Summary: Key Takeaways

  1. Kirchhoff’s laws connect spectral appearance to physical conditions — stars show absorption spectra because of their temperature gradient
  2. Spectral lines are atomic fingerprints — energy levels set wavelengths
  3. OBAFGKM is a temperature sequence — same composition, different excitation
  4. Doppler shift converts wavelength shifts to velocities — \(\Delta\lambda/\lambda_0 = v_r/c\)
  5. Greenhouse effect is Kirchhoff’s law 3 applied to planets — same physics, different scale

56–57 min. Read through once. Each takeaway maps to a learning objective.


The Takeaway

If you forget everything else from today, remember this:

One spectrum → composition, temperature, velocity.

A star’s light is an autobiography — if you know how to read it.

~57 min. Let this land. This is the core message of the entire lecture.


Next Time: Binary Stars & Stellar Masses

Lecture 4: We put the Doppler shift to work on binary stars.

  • Radial velocity oscillations → orbital period + amplitude
  • Kepler’s laws → stellar masses
  • Mass is the property that determines a star’s entire life story

The last fundamental property — and the most important one.

57–58 min.

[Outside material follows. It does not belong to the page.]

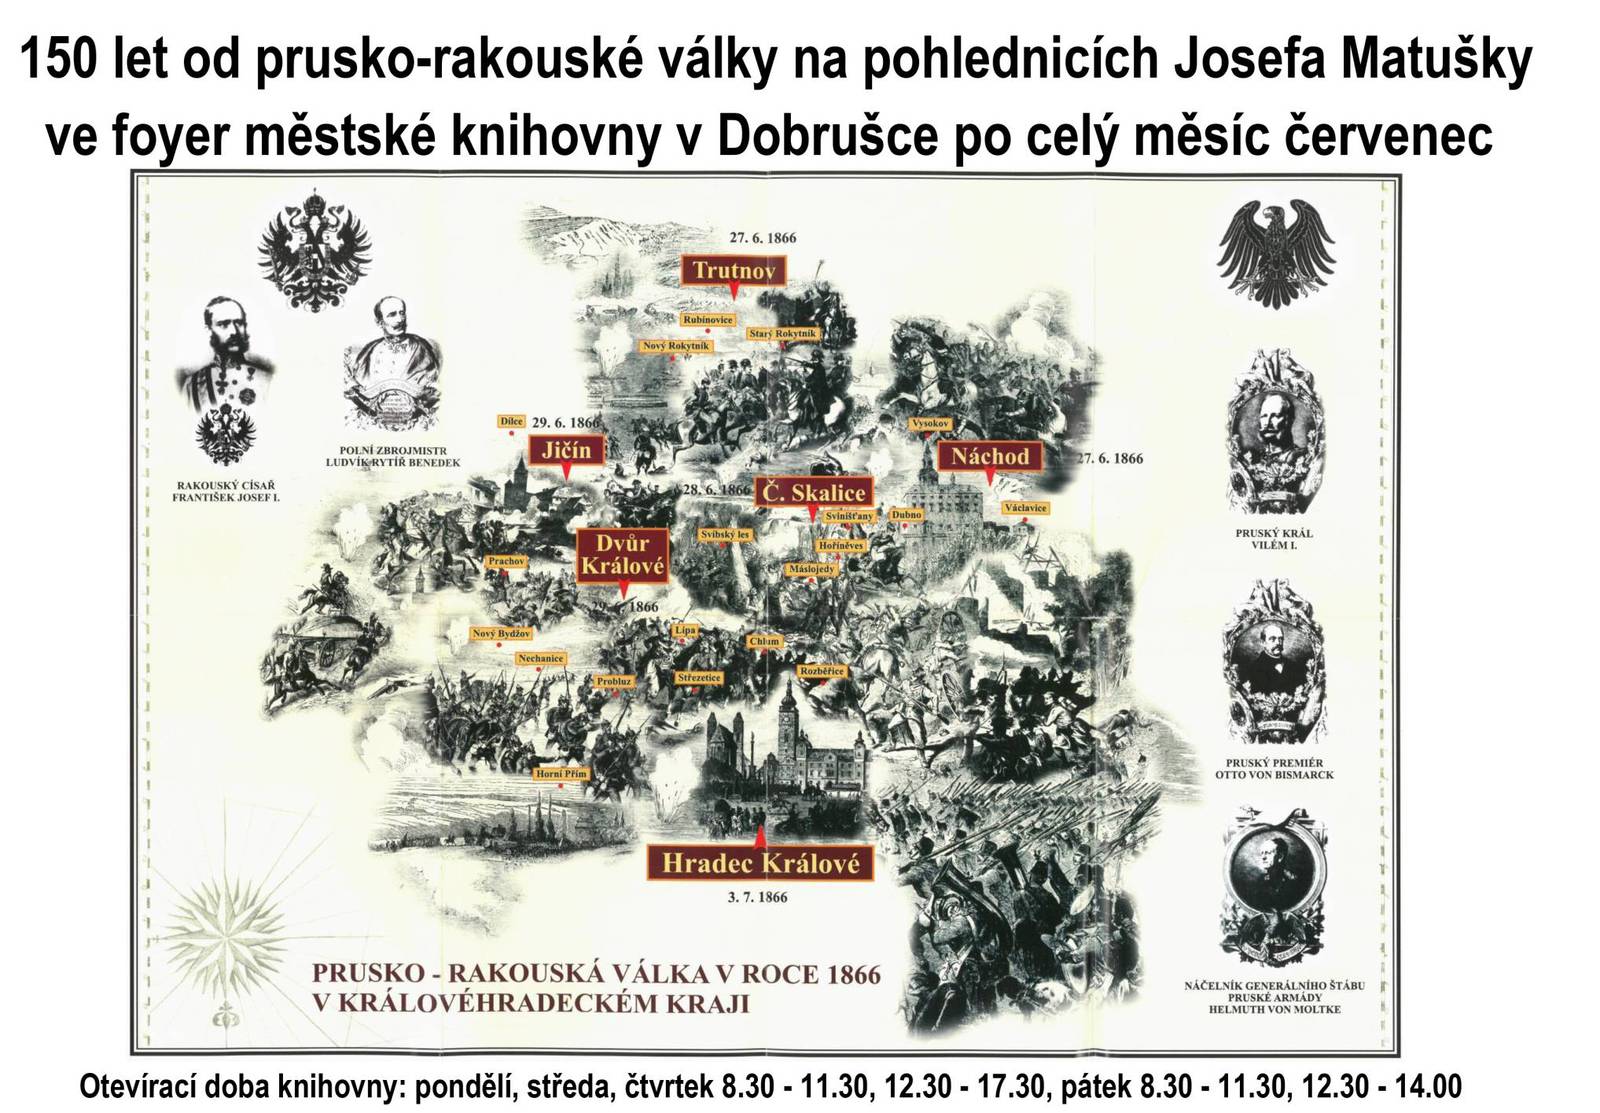 150 let od prusko-rakouské války na pohlednicích Josefa Matušky

Build anticipation for Lecture 4. Mass determines luminosity, lifetime, fate — everything.


Questions?

Common questions at this point:

  • “How do we know the lab wavelengths are right?” — Measured precisely since 1859
  • “Can we determine composition from just one line?” — Need multiple lines for confidence
  • “Do all stars have absorption spectra?” — Most, but emission-line stars exist (Be stars, Wolf-Rayet)

58–60 min. Leave remaining time for questions. Address the hook question one final time: “Same composition, different spectra — because temperature controls which energy levels are populated.”